The delete method receives only the rowid argument, and should always return nothing.

Transactions

If you want to handle transaction hooks, you can implement the following methods:

def commit(self)
def rollback(self)
def pre_commit(self)

The pre_commit method will be called just before the local transaction commits. You can raise an exception here to abort the current transaction were your remote commit to fail.

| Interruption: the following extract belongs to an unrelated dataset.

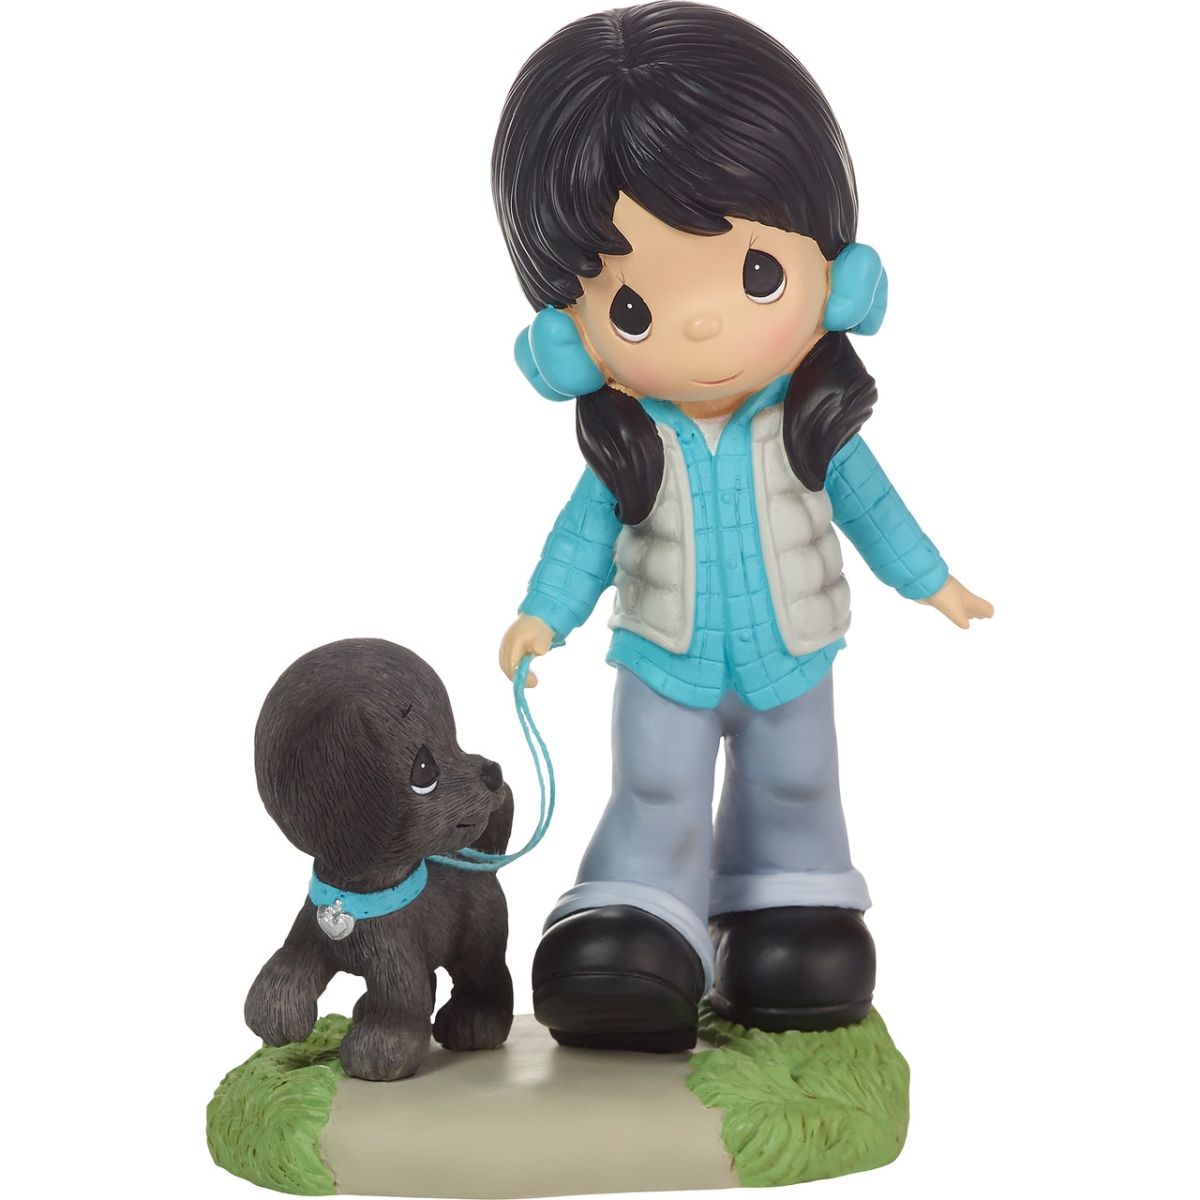 Picture of Be the Light Christian Bookstore 226401 5.5 in. Resin Girl Figurine with Black Labrador Retriever, Multi Color

The commit method will be called just at commit time, while the rollback method will be called whenever the local transaction is rollbacked.

Optimizations

As was noted in the code comments, the execute methods accept a quals argument. This argument is a list of quals object, which are defined in multicorn/__init__.py. A Qual object defines a simple condition wich can be used by the foreign data wrapper to restrict the number of the results. The Qual class defines three instance’s attributes:

Let’s suppose we write the following query:

SELECT * from constanttable where test = 'test 2' and test2 like '%3%';

The method execute would be called with the following quals:

[Qual('test', '=', 'test 2'), Qual('test', '~~', '3')]

Now you can use this information to reduce the set of results to return to the PostgreSQL server.

You don’t have to enforce those quals, PostgreSQL will check them anyway. It’s nonetheless useful to reduce the amount of results you fetch over the network, for example.

Similarly, the columns argument contains the list of needed columns. You can use this information to reduce the amount of data that has to be fetched.

For example, the following query:

select test, test2 from constanttable;

would result in the following columns argument:

['test', 'test2']

Once again, if you return more than these columns, everything should be fine.

Parameterized paths

The python FDW implementor can affect the planner by implementing the get_path_keys and get_rel_size methods.

def get_rel_size(self, quals, columns):

This method must return a tuple of the form (expected_number_of_row, expected_mean_width_of_a_row (in bytes)).

The quals and columns arguments can be used to compute those estimates.

For example, the imapfdw computes a huge width whenever the payload column is requested.

def get_path_keys(self):

This method must return a list of tuple of the form (column_name, expected_number_of_row).

The expected_number_of_row must be computed as if a where column_name = some_value filter were applied.

This helps the planner to estimate parameterized paths cost, and change the plan accordingly.

For example, informing the planner that a filter on a column may return exactly one row, instead of the full billion, may help it on deciding to use a nested-loop instead of a full sequential scan.

Error reporting

In the multicorn.utils module lies a simple utility function, log_to_postgres.

This function is mapped to the PostgreSQL function erreport.

It accepts three arguments:

Foreign Data Wrapper lifecycle

The foreign data wrapper associated to a table is instantiated on a per-process basis, and it happens when the first query is run against it.

Usually, PostgreSQL server processes are spawned on a per-connection basis.

During the life time of a server process, the instance is cached. That means that if you have to keep references to resources such as connections, you should establish them in the __init__ method and cache them as instance attributes.